# Would there be market for something like this?



## chrissyp (Jul 3, 2017)

So I had an idea for a combat sport...similar to enshin and muay thai having a baby... this video, is off a muay thai organization in Thailand, wear they fight wearing MMA gloves...its Regular Muay Thai rules besides this.

Now my idea sport would be a similar to this, except with fighters wearing a gi, or at least a jacket, and would allowed for the gi grappling you see in Enshin, and would also allow Karate style sweeps, which are illegal in muay thai.

If a fighter is Knocked down, there is no grappling, but fighters will follow up a technique to  fallen fighter, as you would see in shotokan tournaments or Enshin tournaments. No Actual strikes will be allowed to fallen fighter and there will be no ground grappling or submissions.

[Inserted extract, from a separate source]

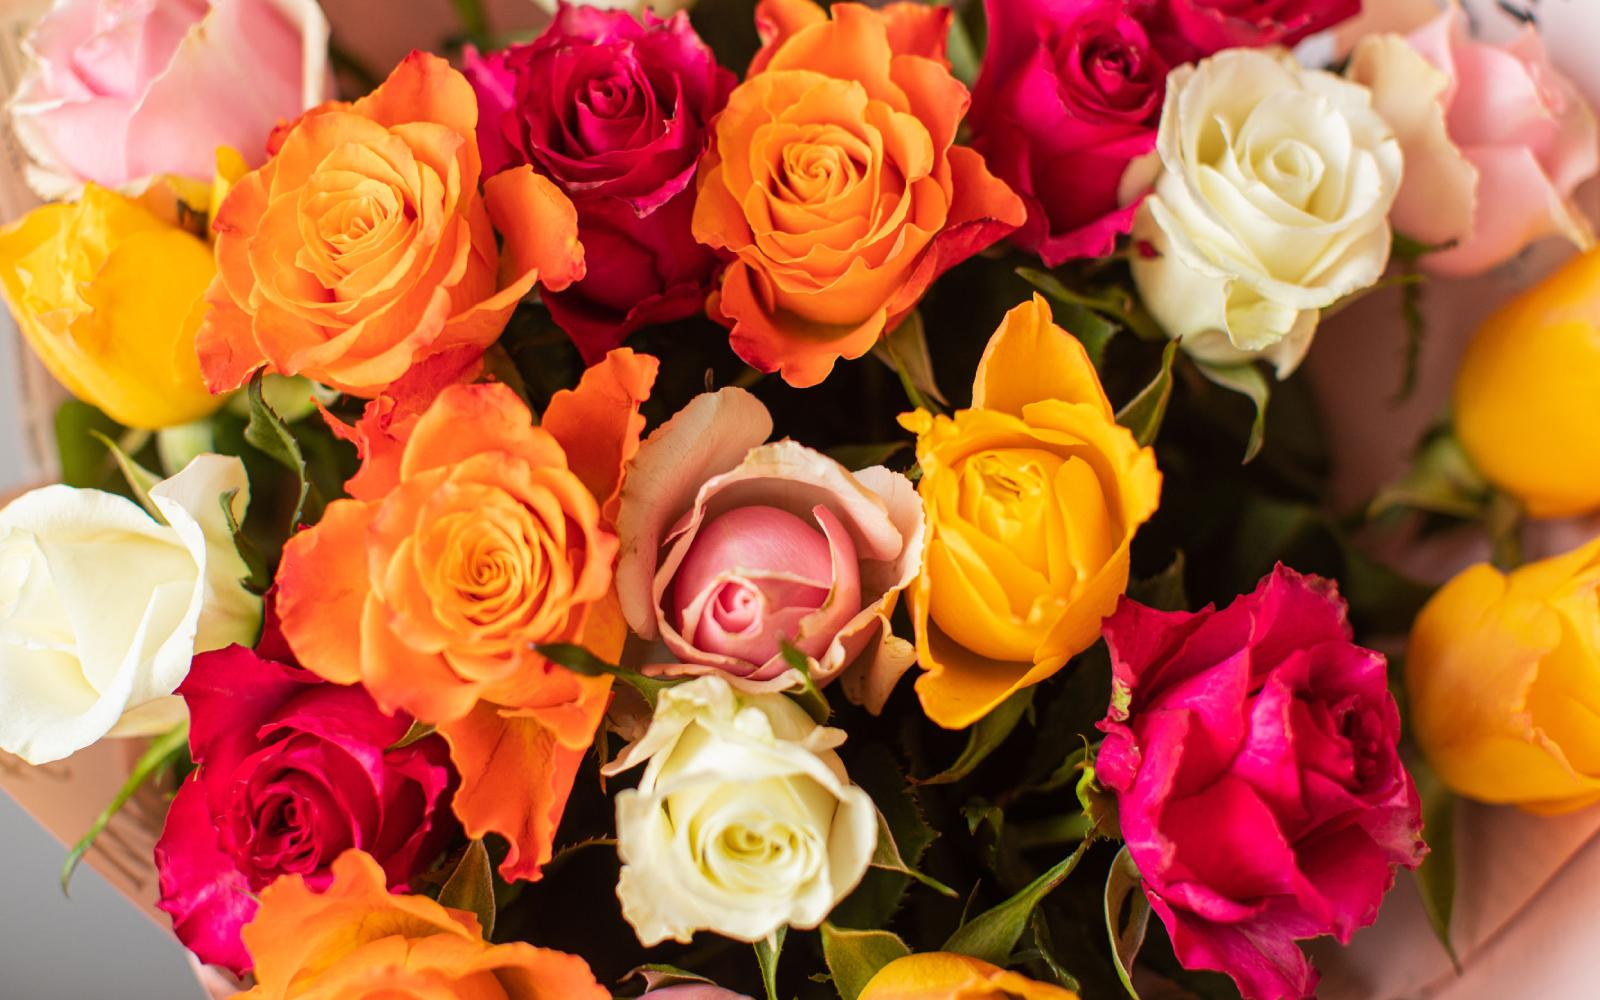 O significado da cor das flores
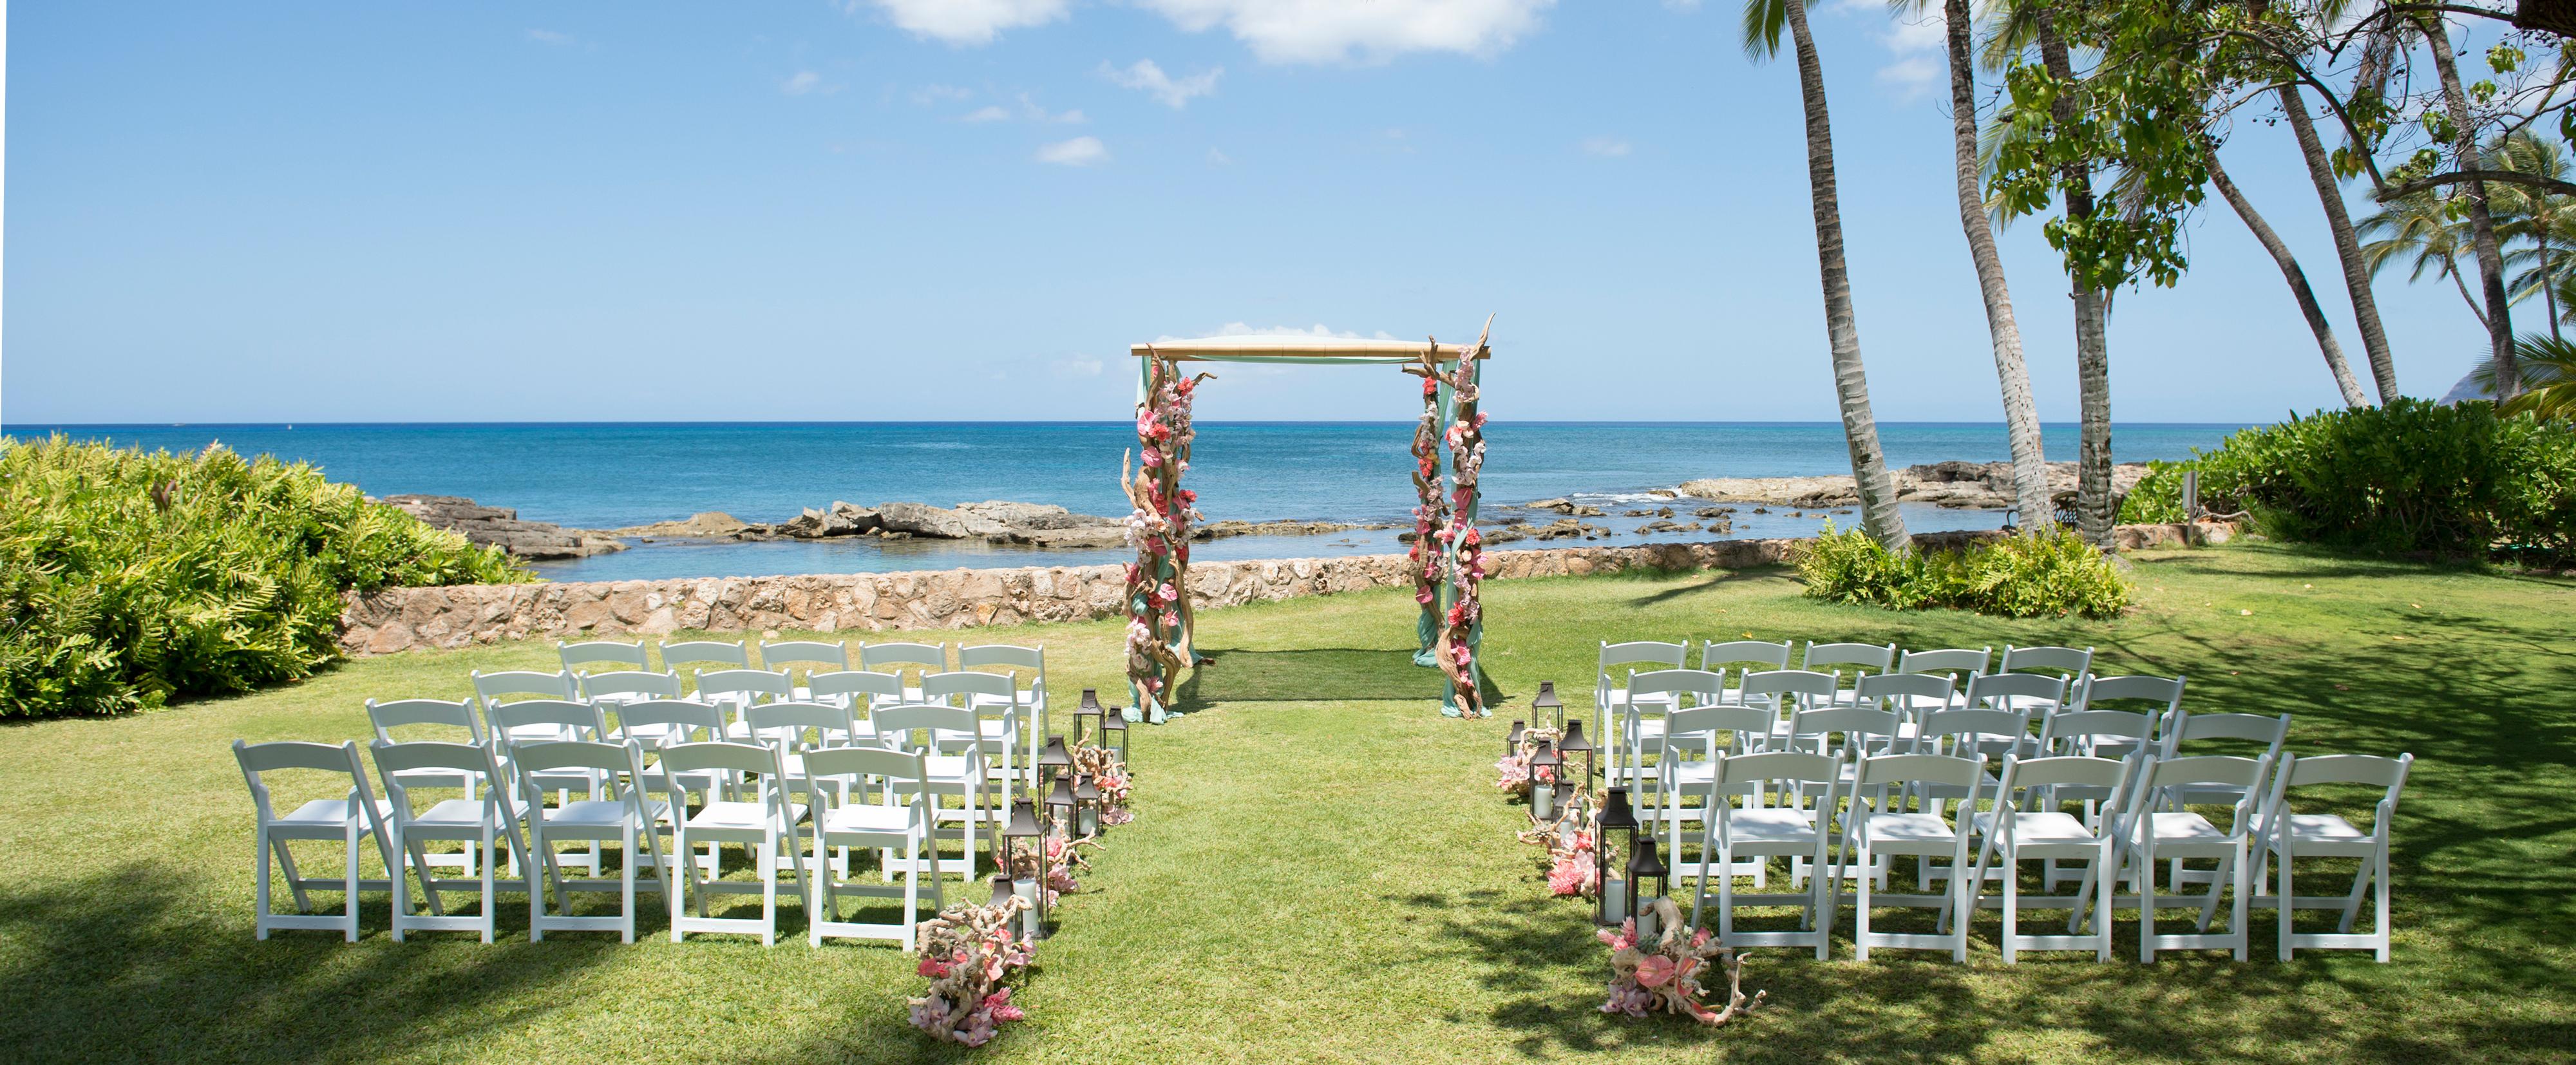 海を見下ろす祭壇につながる芝生の通路に並べられたホワイトチェア

So another way of wording this, its enshin karate with head shots.

Some of you will say "just do Muay Thai", and my argument here is the gloves. boxing style gloves change the range and style of defense, and I wanted to create a full contact karate sport, were karate techniques can be used for defense instead of relying on the gloves.

So this is my idea, idk if this would even be allowed in my country, nor do I have the knoweldge of starting a promotion to do such a thing...but if I could I would! thoughts and feedback is appreciated.

here's the video I was talking about


----------



## Headhunter (Jul 3, 2017)

Doubt it. Muay Thai and kickboxing isn't even that big a market these days, kickboxing you've got glory k1 and bellator kickboxing they're the biggest promotions for kickboxing right now as for Muay Thai as for your idea I don't like it I just don't see the point you knock someone down and you punch them once  big deal. If you want something new it needs to offer something different I don't see that idea exciting many people.


----------



## hoshin1600 (Jul 3, 2017)

if this was 1985 it might work but since people all over the globe are used to MMA there is really no point. If you were just doing this for your own school or organization you can use any rules you like provided your insurance is ok it.

it also sounds a lot like the full contact Uechi ryu tourneys that they used to have.


----------



## hoshin1600 (Jul 3, 2017)




----------



## chrissyp (Jul 3, 2017)

I didn't mean market as in for spectators, as in, do you see fighters themselves interested in such rules? This would be the closet thing to a stand up, no rules fight as you'd get


----------